[FOM] RV: Is Godel's Theorem surprising?
ignacio
natochdag at elsitio.net.uy
Sat Dec 9 05:41:09 EST 2006
Harvey Friedman wrote:
"ALSO: There are two senses of surprise for a theorem. One is that one is
surprised by the fact that the theorem is true. The other is that one is
surprised by the fact that anyone was able to prove that the theorem is
true. There were probably many people who weren't too surprised that it is
true, but who were shocked that anyone was able to prove such a thing."
In fact, the shock of Gödel's demonstration was not the result, it was the
achievement: the notion of circularity and inconsistency was in the air
throughout all the western world from the Warsaw circle in Poland to Pierce
in USA since the turn of the century, it could hardly come as a shock to
anybody, but the fact that it could be proved rigorously was thought
amazing. It is a silly dramatization of the historical events to think that
Hilbert's program was given a blow by the incompleteness proofs: Hilbert's
passion and vision was concentrated in the results that could be got by
reducing to a formal system any given demonstration: it was not a desire to
exhaust mathematics nor to reduce it to "a game with symbols"(something he
never said by the way): proof of this is the fact that Gentzen continued to
expand and refine the methods of formalism immediately afterwards of Gödel's
results, hardly being shocked by them, and Godel never lost interest in
Hilbert's methods throughout all his early period.
Harvey Friedman wrote:
"In fact, following a general line that I have discussed on the FOM fairly
recently, one can simply ask if PA is complete for sentences that are not
very long in primitive notation. This is of course a very difficult
problem."
This difficulty is described as early as 1917 by Weyl in his book on the
continuum problem, where he points out the impossibility of substituting the
natural numbers for functions: Weyl's particular interest here was the
foundation of real analysis, but it already shows how, from a Brouwerian
intuitive point of view, inconsistency and circularity was not a new and
surprising thing.
I.N.
-----Mensaje original-----
De: fom-bounces at cs.nyu.edu [mailto:fom-bounces at cs.nyu.edu] En nombre de
Harvey Friedman
Enviado el: Viernes, 08 de Diciembre de 2006 07:58 a.m.
Para: fom
Asunto: Re: [FOM] Is Godel's Theorem surprising?

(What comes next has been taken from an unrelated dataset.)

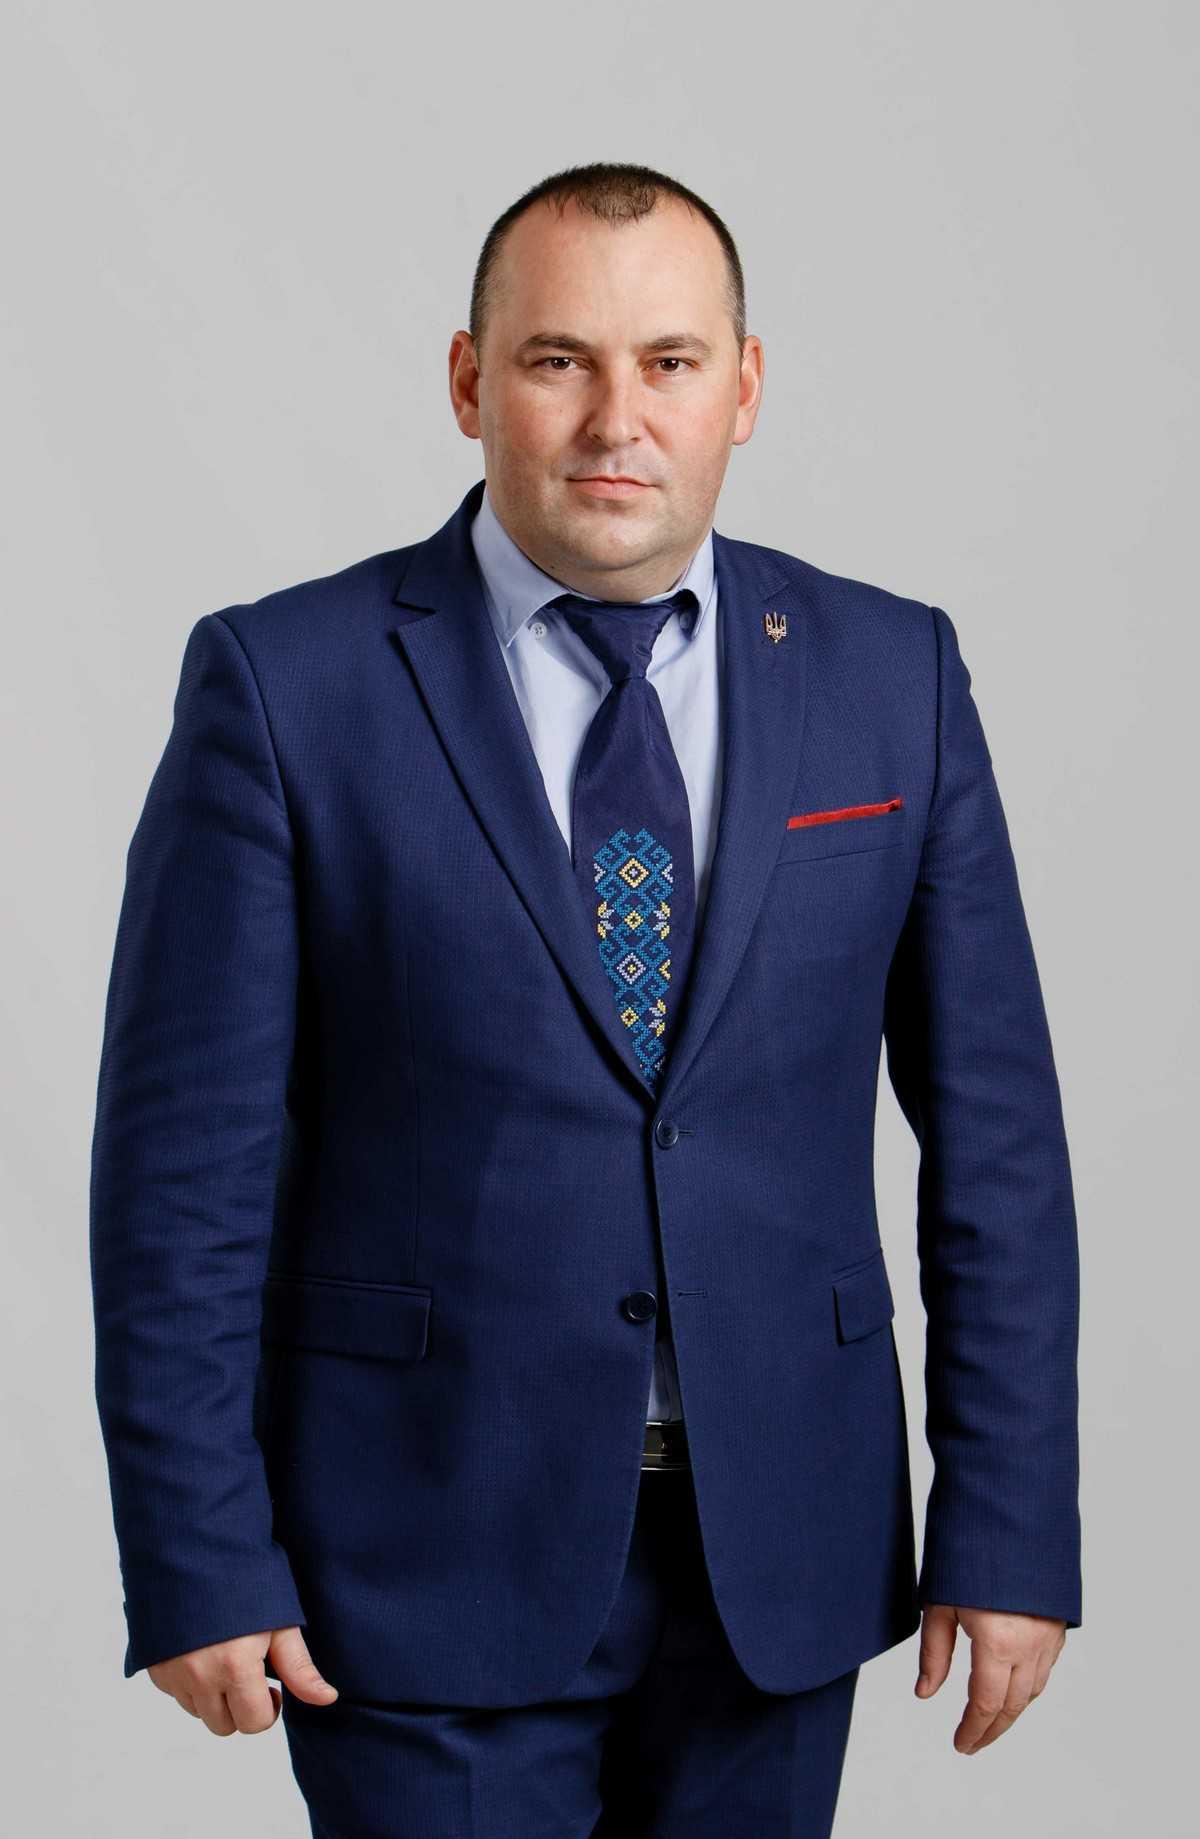 Руслан Майструк Человек года - 2018 лауреаты общенациональной программы в номинации «Лидер объединенной территориальной общины года»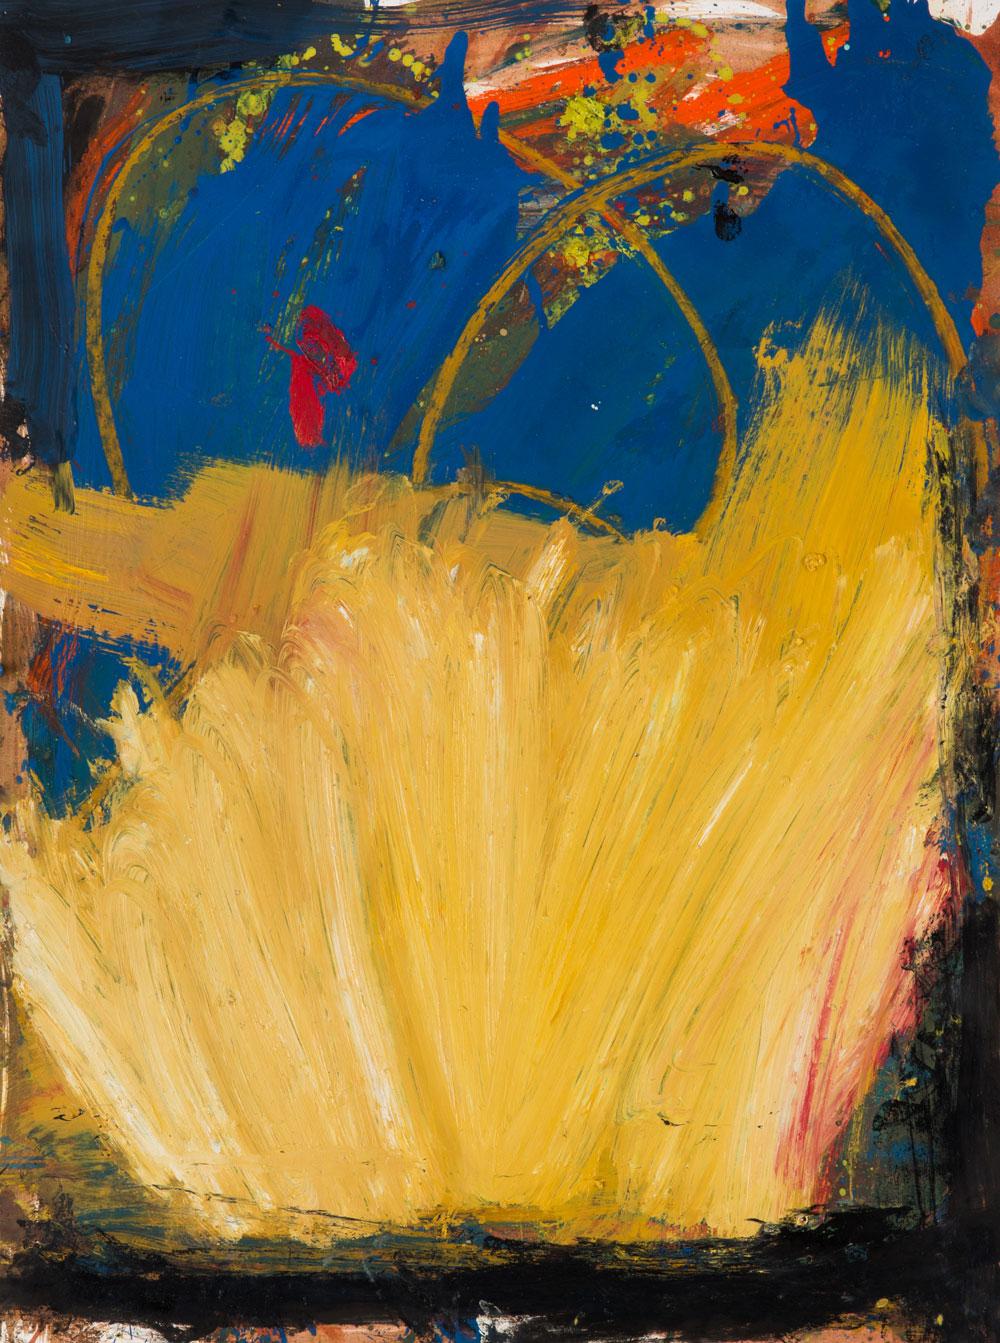 Vesuvius  , oil on paper, 24x18 in. ©Denise Gale 2015

On 12/7/06 8:12 AM, "Charles Silver" <silver_1 at mindspring.com> wrote:
> Why should it be so surprising that PA is incomplete, and even (in a
> sense) incompletable?
> Or put the other way, why should we have thought PA (or, for Godel,
> the system of Principia Mathematica and related systems) would have
> to be complete? It has been alleged, for example, that at the time
> of Godel's proof John von Neumann had been working on proving
> *completeness* for PM or some related system? Why would von Neumann
> have thought *intuitively* that the system could be proved complete?
> I'm not intending the above to be questions of mathematical fact.
> I'm just wondering what accounts for the shock so to speak of Godel's
> Theorem. One answer I've read is to the effect that everyone at
> the time thought PM was complete. But for me, that's not
> satisfactory. I'd like to know *why* they should have thought it was
> complete. Did they have *intuitions* for thinking it had to be
> complete?
> I'm also wondering, though this is a separate point, whether today
> the theorem is not only not surprising, but perhaps even intuitively
> obvious. One unsatisfactory answer would be that incompleteness is
> now not surprising because we now know it holds. But do we now have
> distinctly different *intuitions*, aside from the proof itself
> (though of course the proof can't entirely be discounted), that
> establish, let's say the "obviousness" of the result?
>
I assume you are talking exclusively about Godel's First Theorem. Not
Godel's Second Theorem.
One reason it was regarded as surprising is that, up to that time, every
single example of an arithmetic theorem was easily seen to be provable in
PA. At that time, there was no idea that arbitrary arithmetic statements
might differ fundamentally from the arithmetic statements that came up in
the course of mathematics.
Of course, it is still true that PA may be complete for all arithmetical
sentences that obey certain intellectual criteria - criteria which are
normally left informal. I have no doubt that a lot of people will be very
surprised by examples of statements independent of PA that meet certain such
informal criteria. Much more surprised if PA can be improved to ZFC.
In fact, following a general line that I have discussed on the FOM fairly
recently, one can simply ask if PA is complete for sentences that are not
very long in primitive notation. This is of course a very difficult problem.
ALSO: There are two senses of surprise for a theorem. One is that one is
surprised by the fact that the theorem is true. The other is that one is
surprised by the fact that anyone was able to prove that the theorem is
true. There were probably many people who weren't too surprised that it is
true, but who were shocked that anyone was able to prove such a thing.